• Task brief:
What you give back should be exactly the lines from the one with "Halloween Chipotle Costume" through the final line of the material, pictures removed; please add nothing.

• Given data:
>>
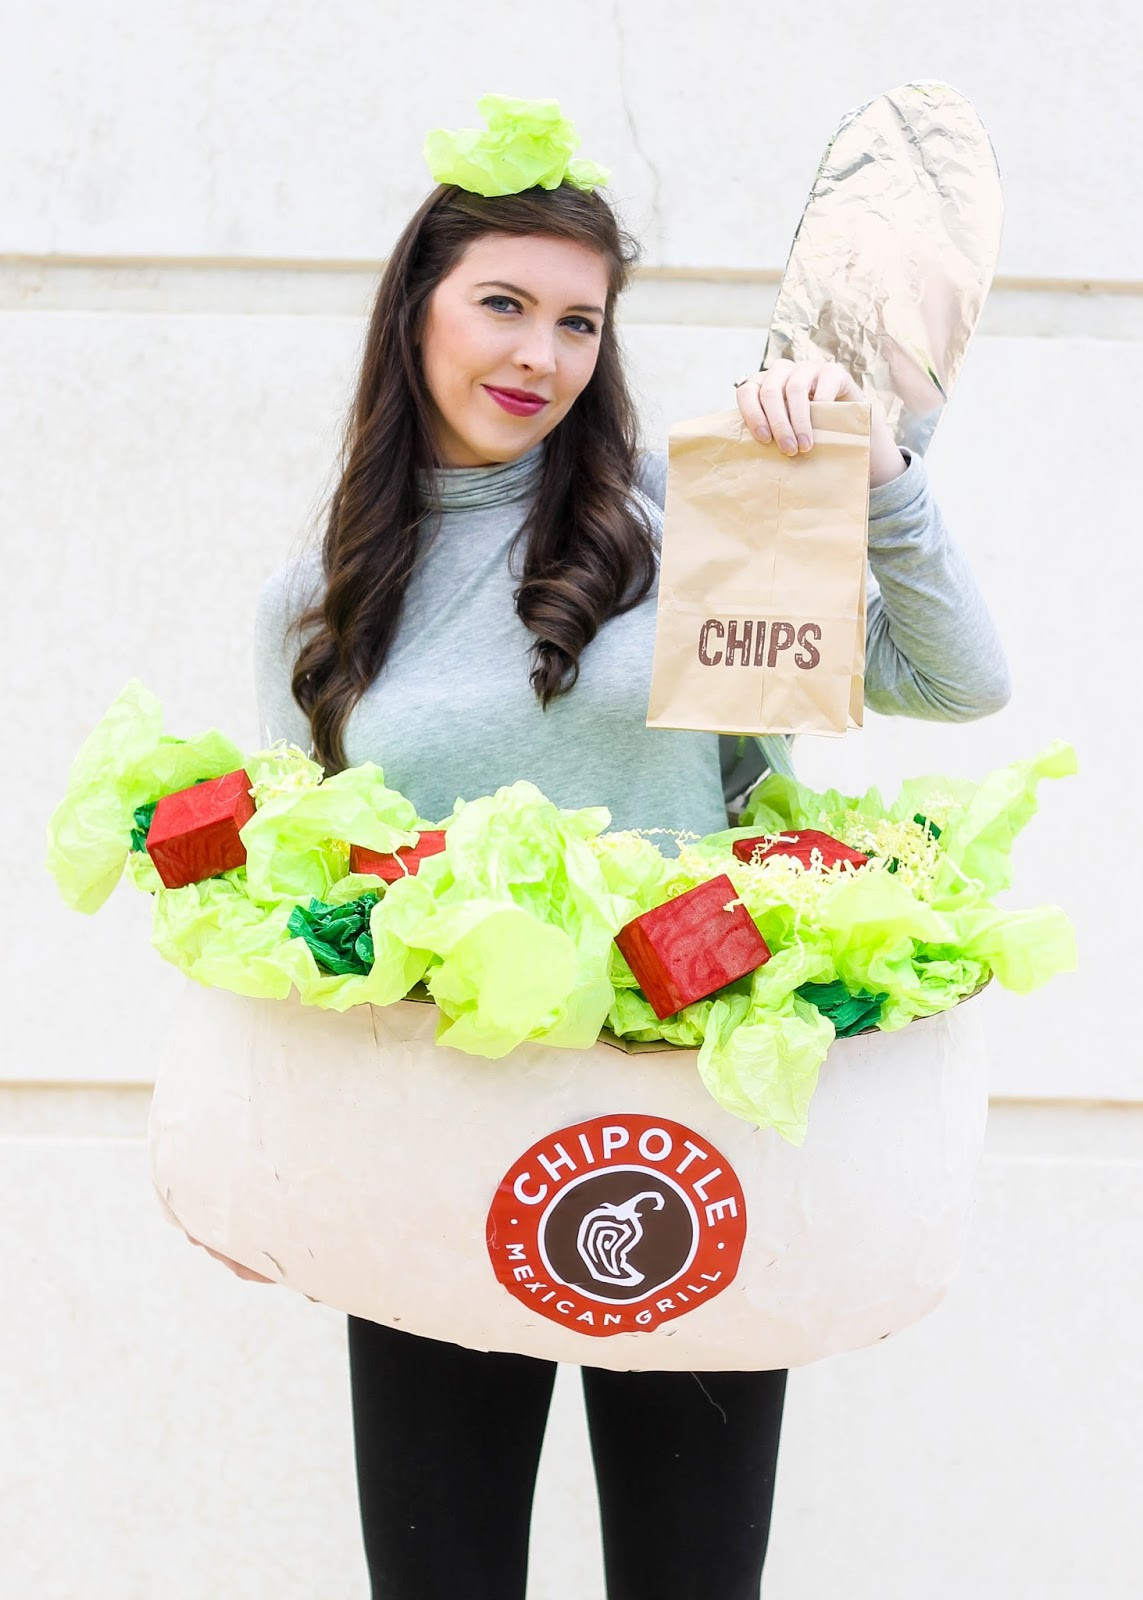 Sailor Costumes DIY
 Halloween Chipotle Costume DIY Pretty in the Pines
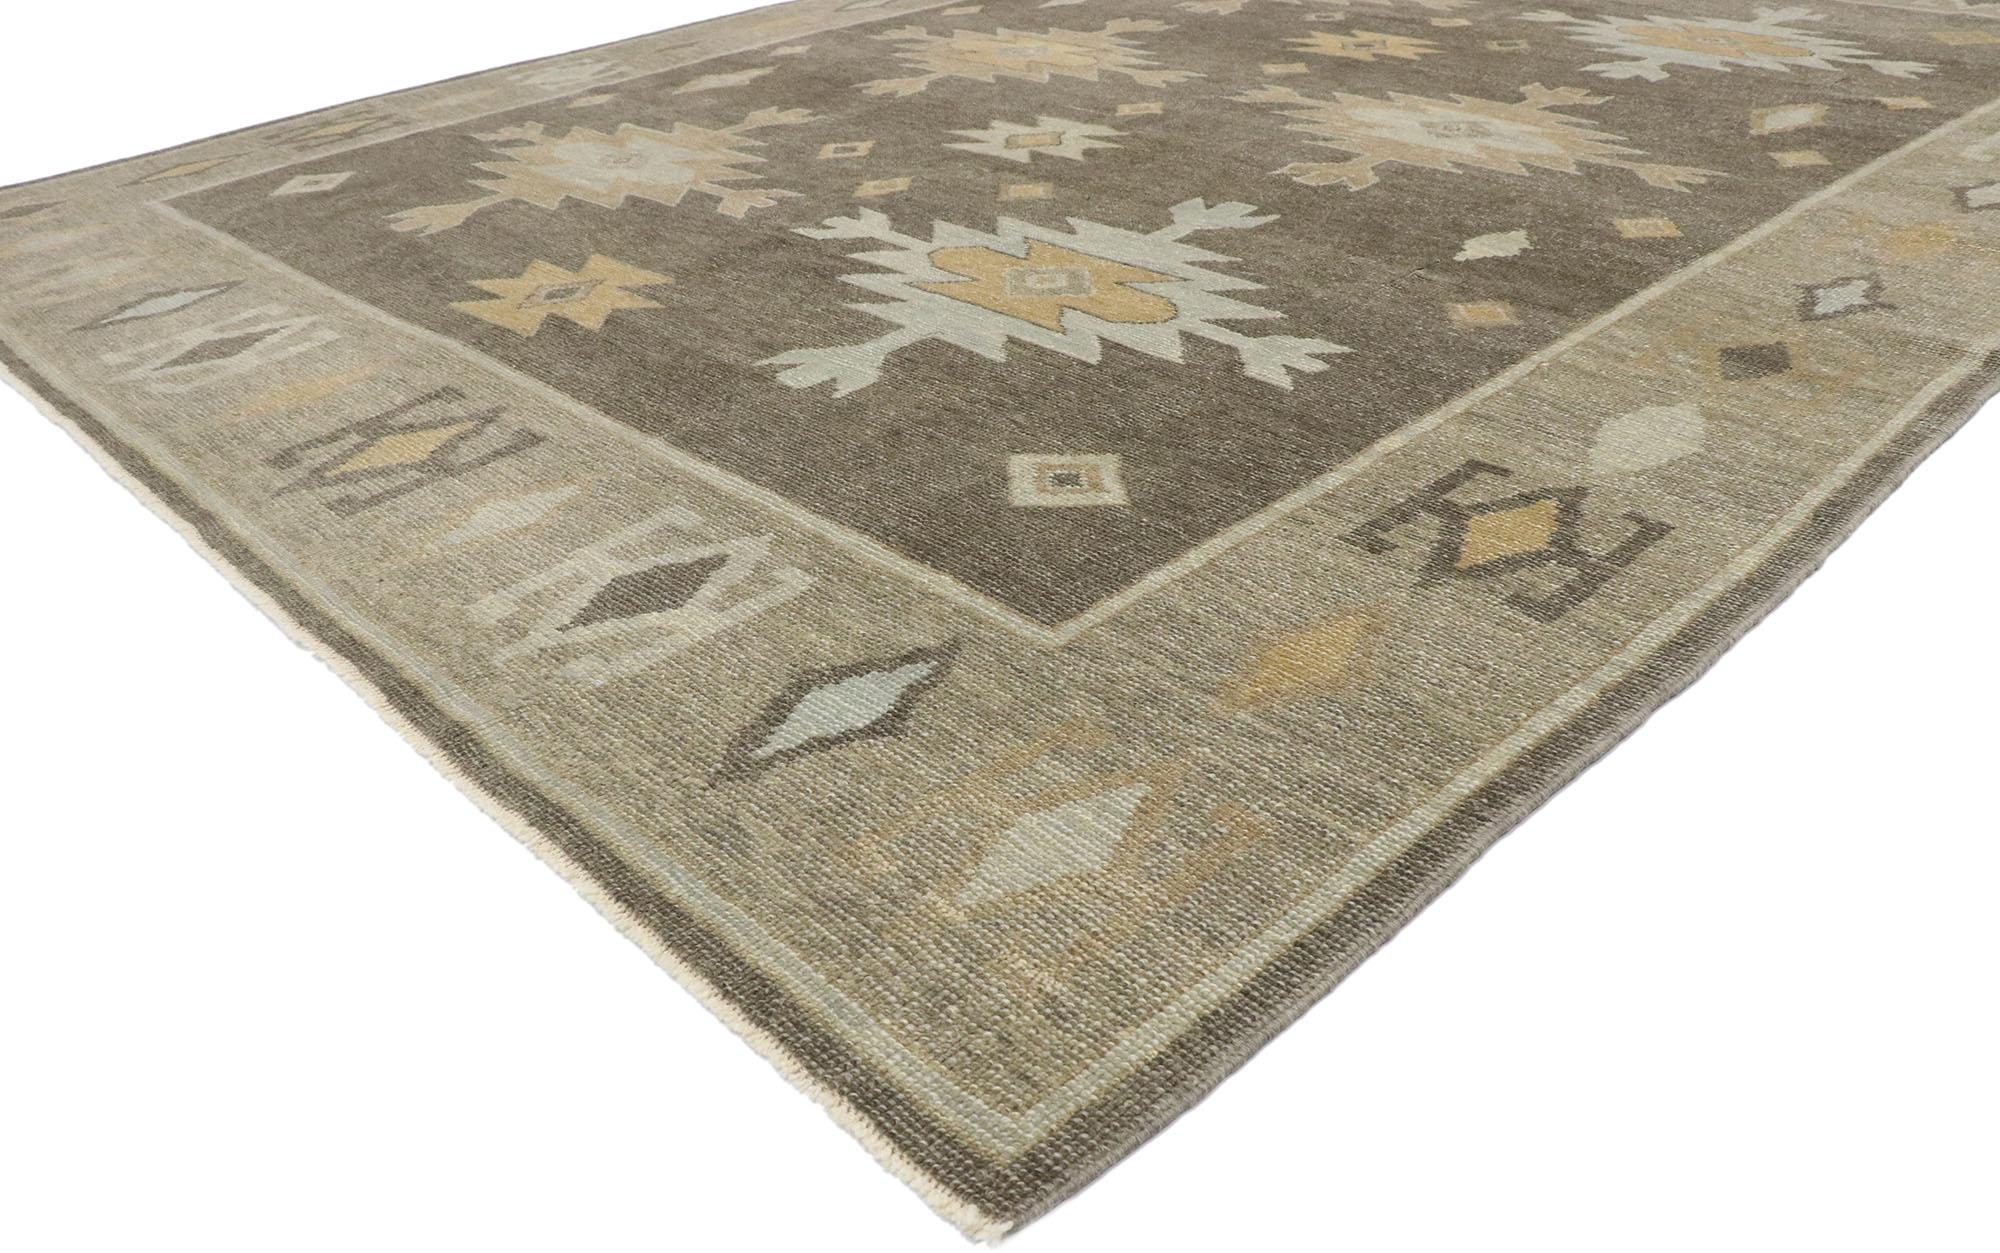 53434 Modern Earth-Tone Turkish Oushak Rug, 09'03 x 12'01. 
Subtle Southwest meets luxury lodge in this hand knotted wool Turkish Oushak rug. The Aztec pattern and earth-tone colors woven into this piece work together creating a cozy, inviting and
<<
• Written reply:
 Halloween Chipotle Costume DIY Pretty in the Pines
 53434 Modern Earth-Tone Turkish Oushak Rug, 09'03 x 12'01. 
Subtle Southwest meets luxury lodge in this hand knotted wool Turkish Oushak rug. The Aztec pattern and earth-tone colors woven into this piece work together creating a cozy, inviting and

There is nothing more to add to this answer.